Les saints et les reliques devinrent ainsi une composante vitale des églises. Mais le baroque utilisa de nombreuses autres armes idéologiques. Un élément significatif très connu du baroque, d’une importance extrême pour lui, est ainsi le trompe-l’oeil.
A la base une église romane, l’Abbaye de Neresheim en Bavière est un exemple significatif du baroque, puisqu’en effet elle a été « modernisée » en ce sens à la fin du XVIIe siècle; voici son trompe-l’oeil.
Voici un autre exemple de trompe-l’œil, à l’église des Jésuites à Vienne. Il a été réalisé par Andrea Pozzo (1642-1709), mort dans cette ville et né à Trente en Italie, ville du fameux concile de l’Église catholique qui justement a été le point d’orgue idéologique du baroque.
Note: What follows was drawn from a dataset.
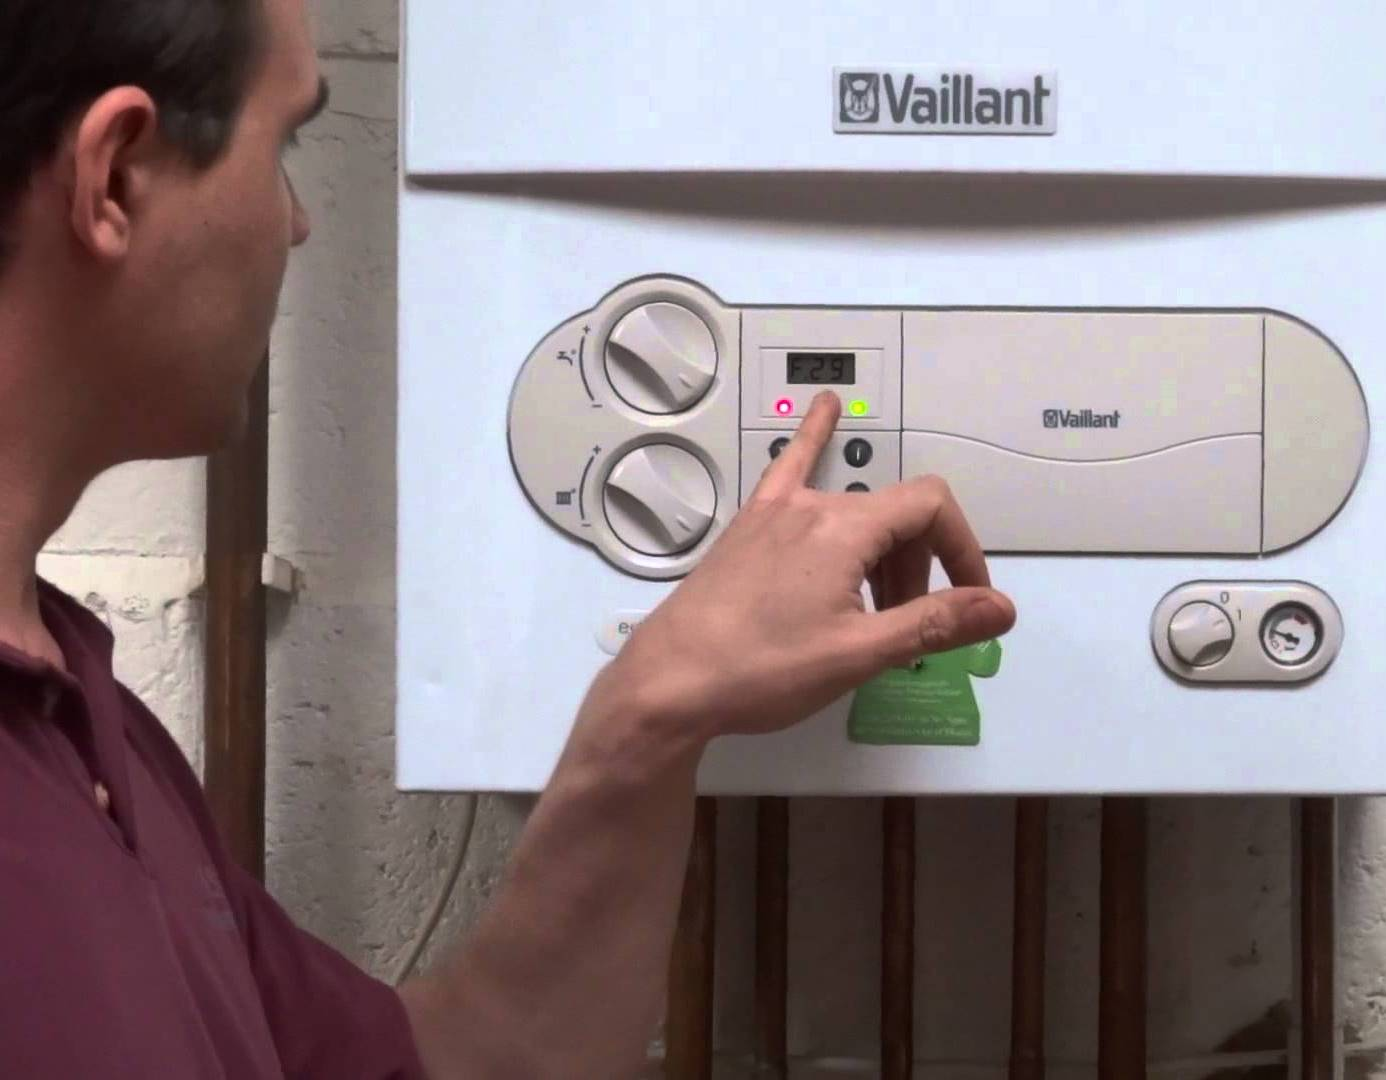 Svantaggi Caldaie A Condensazione difetti della caldaia vaillant: riparazione e codici di

Voici l’intérieur de l’église jésuite de Breslau, réalisé par son élève Christoph Tausch (1673-1731). On y voit bien comment le trompe-l’œil s’inscrit dans le cadre, particulièrement chargé, de l’église baroque.
Le trompe-l’œil n’est, en effet, nullement une simple forme choisie au hasard. Elle est le symbole même de la vision baroque du monde : ce qui est, en fait, n’est pas. Ce qu’on croit savoir est en réalité faux. Le monde entier est une illusion.
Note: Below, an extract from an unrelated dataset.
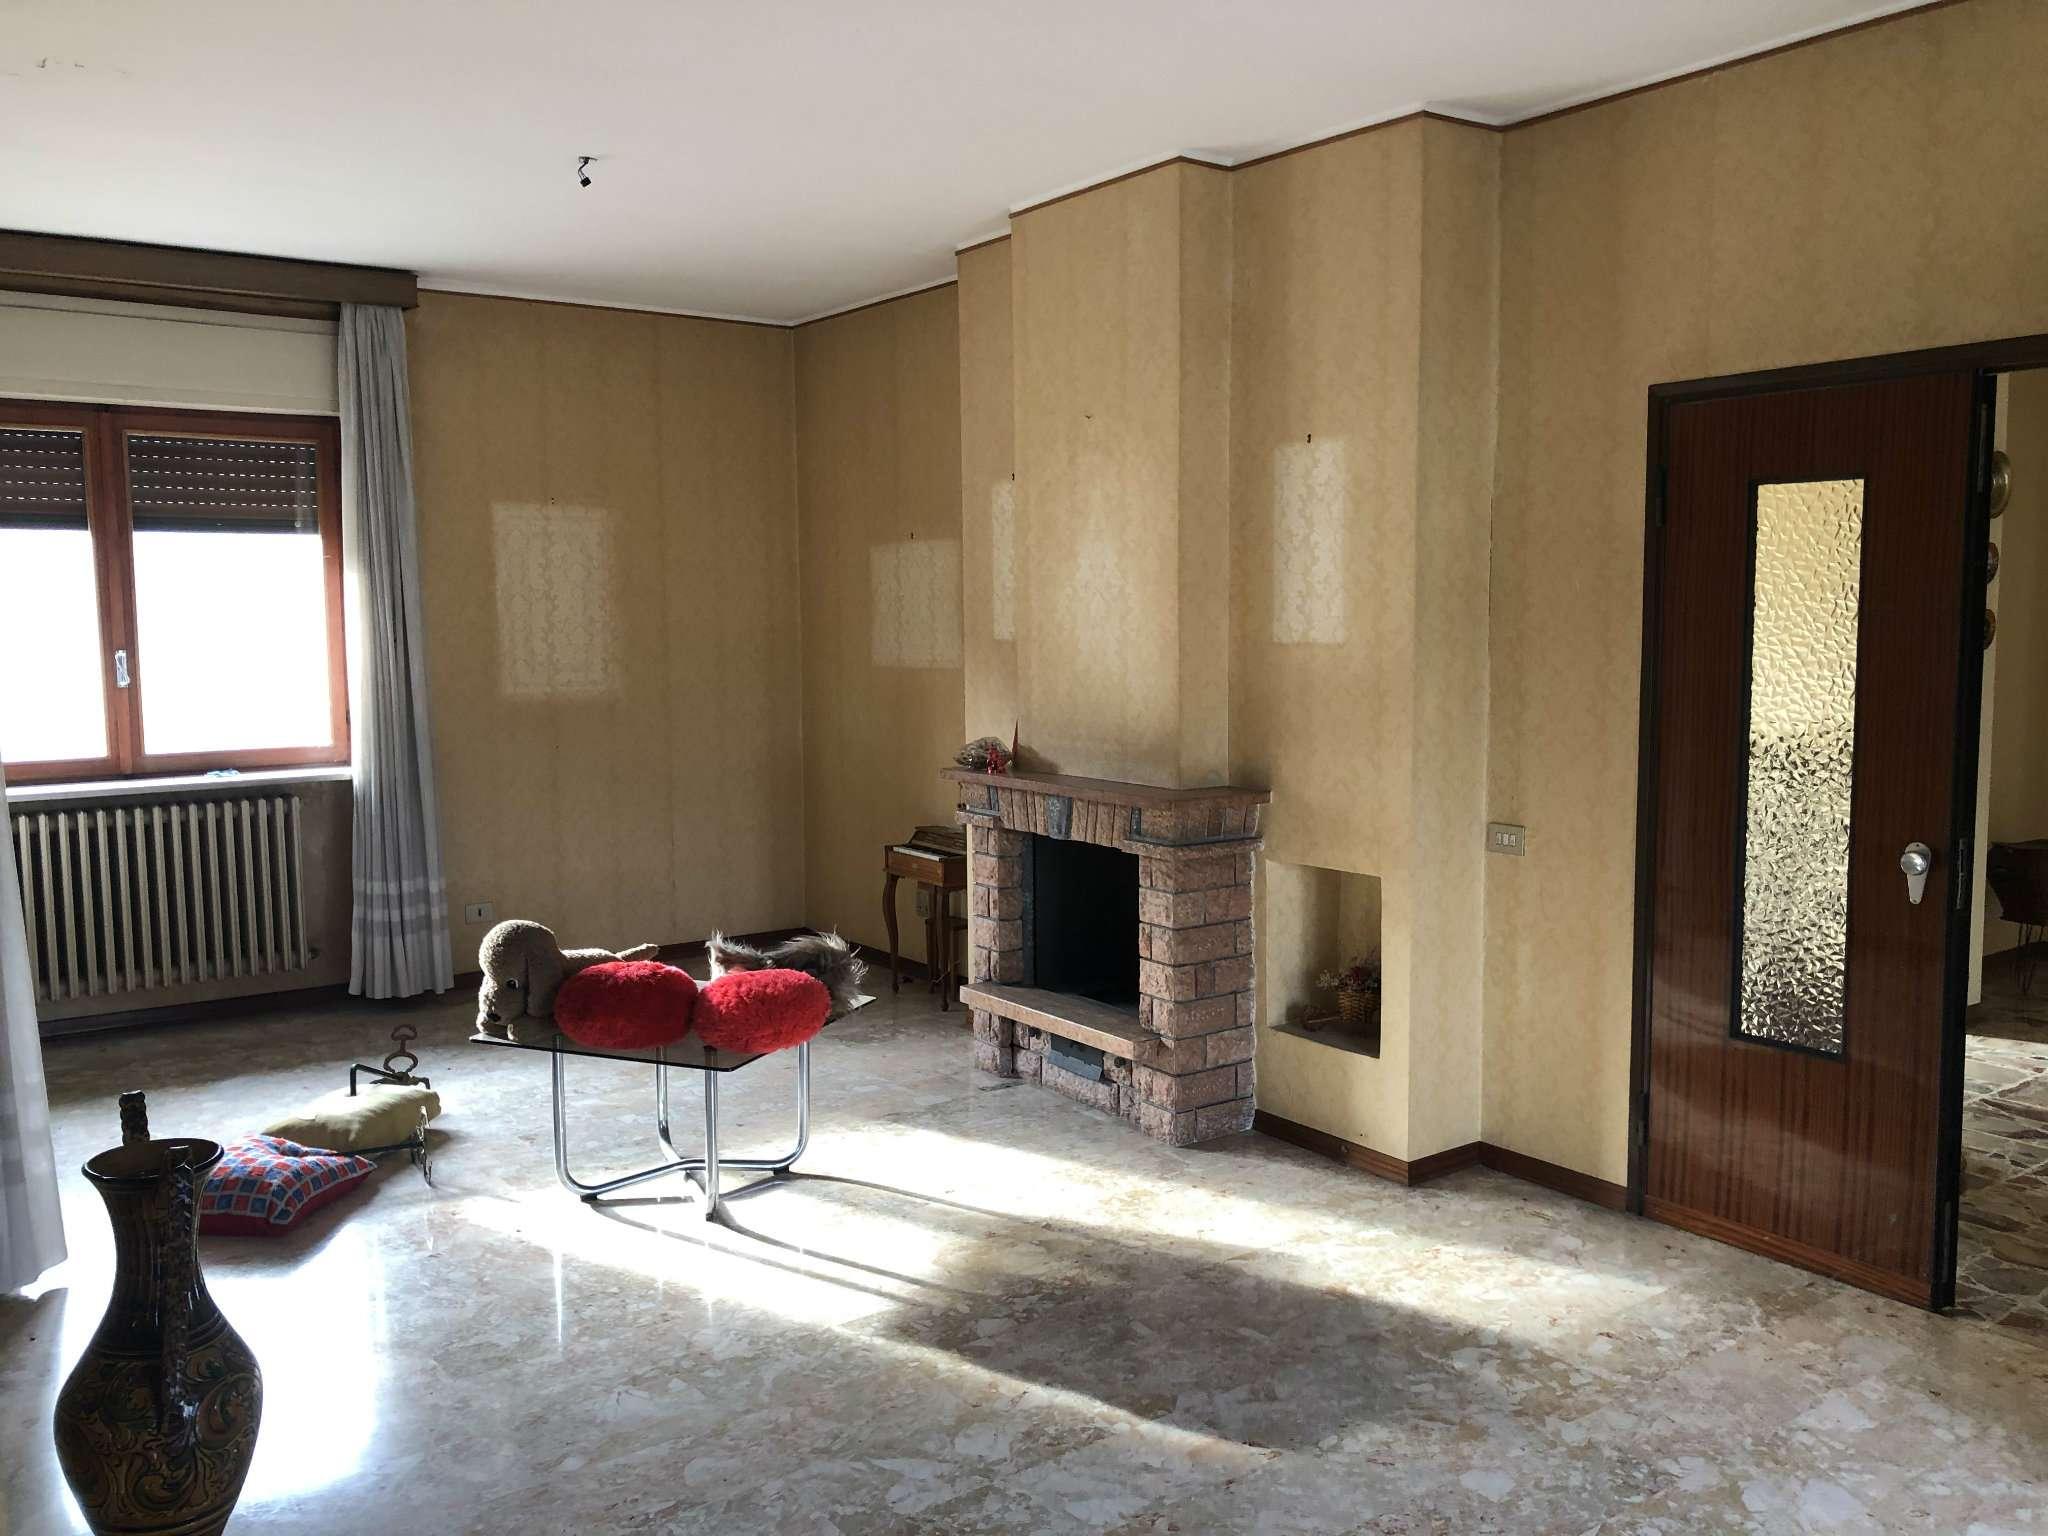 Appartamento in vendita a Brebbia, 8 locali, prezzo € 320.000 | CambioCasa.it

Il n’y a ainsi nullement de trompe-l’œil dans la peinture flamande, comme les commentateurs bourgeois le prétendent parfois: il faut bien saisir ici que le trompe-l’œil, dans l’église, participe à un ensemble exubérant devant frapper l’imagination des visiteurs, devant « imprimer » son caractère.
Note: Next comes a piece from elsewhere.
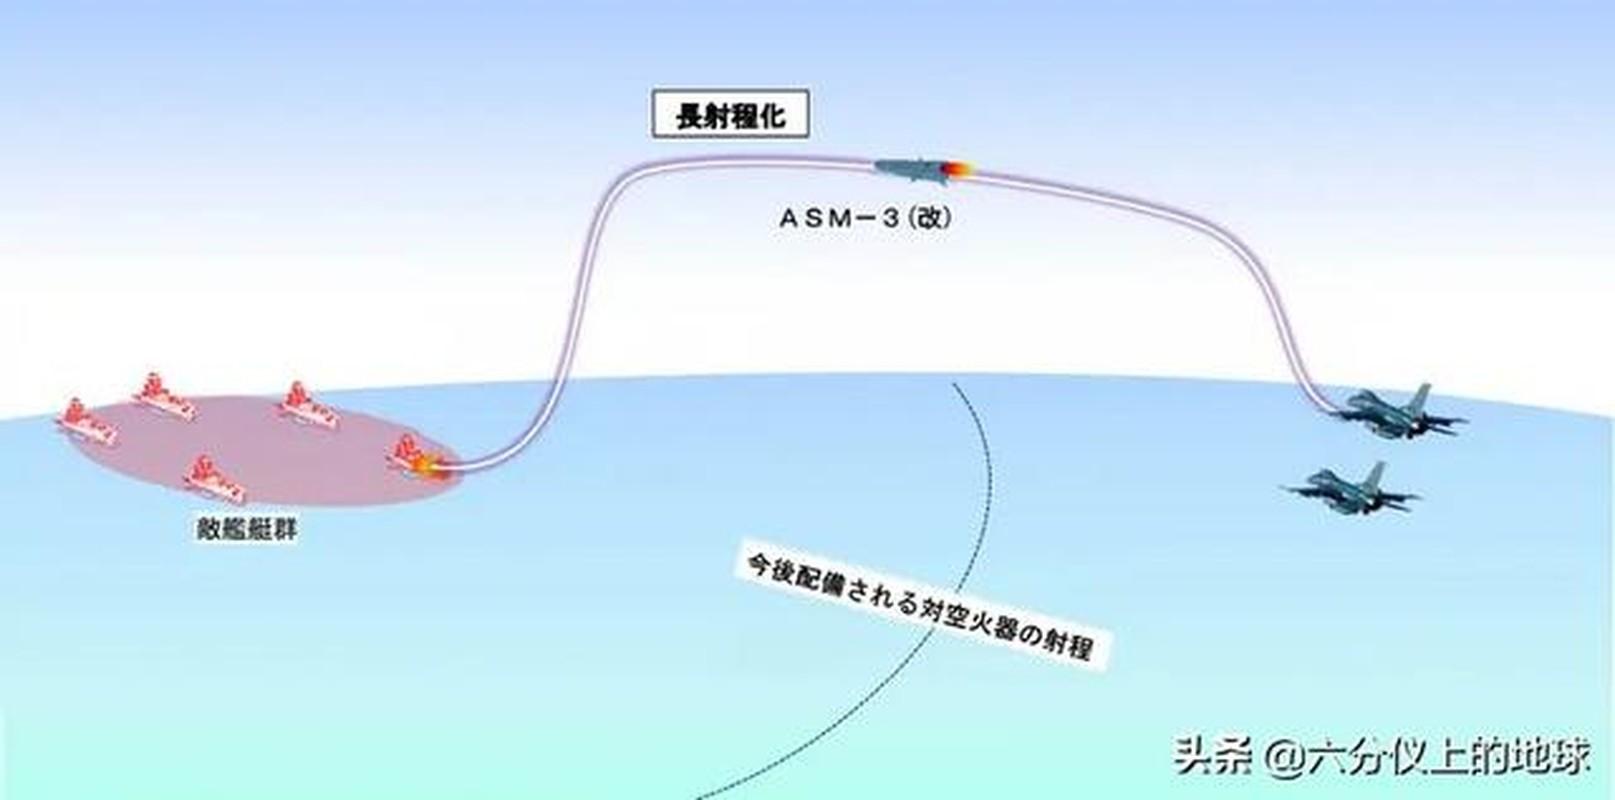 Nhat Ban trien khai ten lua ASM-3A bao trum Dong Bac A-Hinh-7

Le trompe-l’œil trompe, et par conséquent il annonce à la personne trompée qu’elle ne saurait avoir confiance en ce qu’elle voit. C’est un appel au refus des sens, et pourtant les sens sont utilisés, dans une démarche s’appuyant sur l’irrationnel, pour être impressionné par la grandeur de ce qu’annonce le trompe-l’œil.
Car ce dernier témoigne de la grandeur infinie de l’Église ; il est un point d’appui visuel pour renforcer l’image de l’église comme fenêtre sur le divin.
Le trompe-l’œil est ainsi à la fois anti-scientifique, de par la négation de ce qui est vu, mais également directement irrationnel-religieux de par l’impression « infinie » attribuée aux images divines.
Il va de soi qu’une telle approche reflète une réflexion très profonde des religieux, des jésuites en particulier, sur le rôle de l’image. Alors que les temples des protestants sont épurés au possible, rejetant les saints, pour ne conserver qu’une sobriété complète propice à la raison, les églises nouvelles, façonnées par les jésuites, utilisent des images partout dans l’église, pour écraser la pensée des personnes présentes.
Le trompe-l’œil est une arme idéologique de grande importance ; ce n’est nullement une simple « forme », qui serait gratuite, ce n’est pas non plus un simple « style » : c’est un outil religieux.